Valoración

Opinion 10 de noviembre de 2021
Una decisión arbitral condena a la Provincia a pagar a una empresa multinacional más de 30 millones de dólares. No por esperada se morigeró el impacto de la información porque, en principio, debe inscribirse en una situación financiera de extrema vulnerabilidad. Los cuestionamientos no se hicieron esperar y el descargo ubica a la cuestión en el marco de las decisiones políticas.
enjasa

El litigio que se resolvió a través de un laudo internacional se inició en el año 2013 cuando el exgobernador Juan Manuel Urtubey rescindió el contrato con la empresa Entretenimientos y Juegos de Azar – Enjasa,  licenciataria de tómbola, lotería, juegos en vivo, casinos y juegos de mesa en toda la provincia. La medida fue recurrida por Enjasa desde un comienzo y las apelaciones llevaron a que Casinos Austria, la corporación de juegos que opera casinos en todo el mundo y era la beneficiaria de la concesión, recurriera al Centro Internacional de Arreglo de Diferencias Relativas a Inversiones (Ciadi), para resolver el diferendo. 

Cabe recordar que este tipo de inversiones, que datan de la década del 90, se realizaron a través de tratados bilaterales, que ponen al Estado argentino como parte y es por ello que representó los intereses de Salta en la controversia, que cerró con el fallo que la obliga a desembolsar una cifra abultada para resarcir a Casinos Austria por una medida que calificara de "arbitraria y abusiva".

Según el ex gobernador Juan Manuel Urtubey fue una decisión política para enmendar la de su antecesor, con la que no estuvo acuerdo. Se trataba de la concesión del juego en 1999, por un plazo de 30 años, en la que la Provincia se beneficiaba con un canon establecido en base a una declaración jurada que presentaba la concesionaria, bajo el control de un ente regulador, ENREJA.  En 2008, a poco de asumir, Urtubey sometió el contrato al análisis de una unidad constituída a efectos de revisar todos los acuerdos suscriptos durante la gestión de Juan Carlos Romero.

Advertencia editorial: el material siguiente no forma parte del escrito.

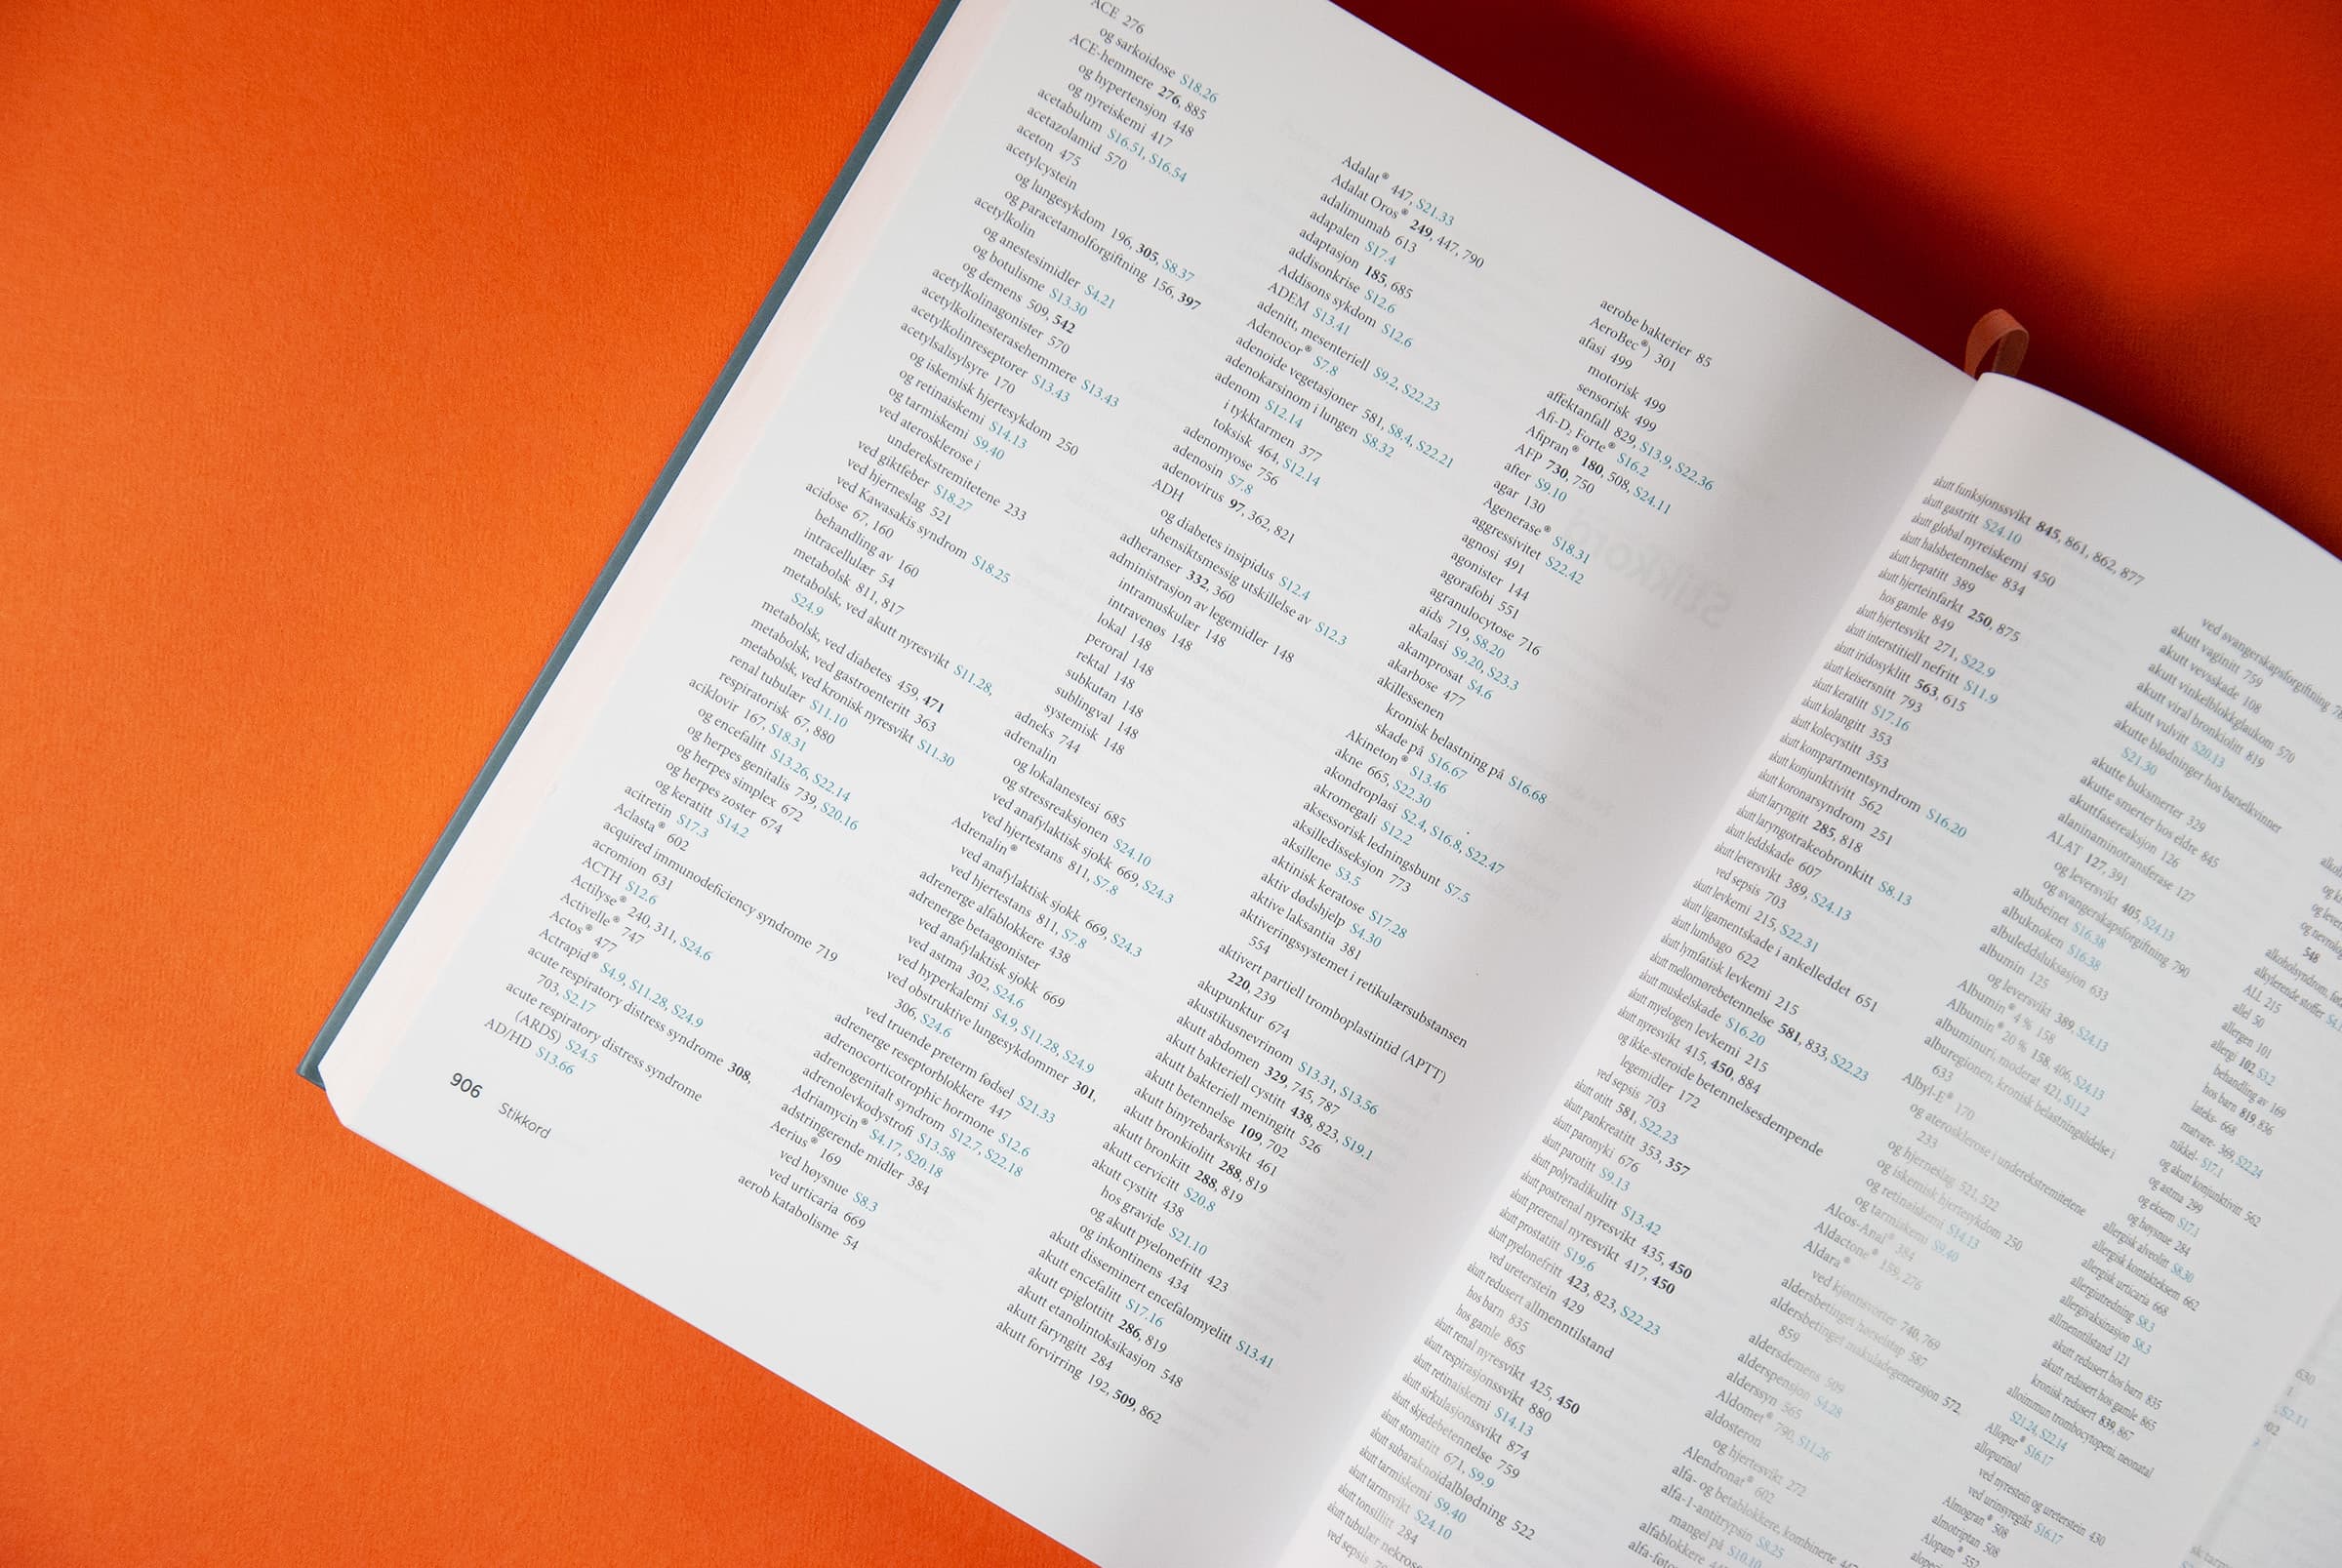 Bildet viser et utsnitt av stikkordsregisteret i boka. Det er 3 spalter med liten tekst. Noen sidetall er i fet, mens andre er blå.

De ello resultó una mejora del canon que no satisfizo al mandatario, que terminó revocando el contrato y cambiando de operador. Hoy ratificó la conveniencia de la medida ya que si se debe pagar una indemnización de 39 millones de dólares, las ganancias que se obtuvieron con la revocación hasta 2019, fin de su mandato, fueron de 125 millones de esa moneda.

Es cierto que todas las decisiones que adopta un gobierno son políticas y se expresan en acciones, medidas, programas y presupuestos gubernamentales.  Se sostiene que al decidir es dudable que puedan conocerse todas las opciones, por lo que la racionalidad siempre es limitada y consecuentemente, las decisiones nunca son óptimas sino satisfactorias. Precisamente el estado de emergencia generado por la pandemia en todo el mundo ha puesto a la decisión política en el centro del análisis académico y también de otra naturaleza. Se determinó una expectativa razonable por parte de la ciudadanía es que sus gobiernos procedan con diligencia, asumiendo que la inteligencia práctica requerida en condiciones críticas es muy superior a la capacidad de juicio necesaria para la política cotidiana.

Y es en la política cotidiana en la que puede inscribirse la polémica decisión de revocación de un contrato de concesión, queda para el análisis si podría ser susceptible de algún tipo de enjuiciamiento, al margen del juicio político contemplado en el ordenamiento constitucional, que tiene parámetros claramente establecidos y que es extemporáneo. Hay antecedentes que la Justicia suele sobreseer a los funcionarios acusados. Se puede citar a las causas sobre el Pacto de Irán o la del dólar futuro.

Si la ganancia es mayor, esta derrota arbitral es accesoria, dijo el ex gobernador. La valoración deberá vincularse a la capacidad de pago del Estado provincial y a la precisión de cálculos a los que el ciudadano común no tiene acceso.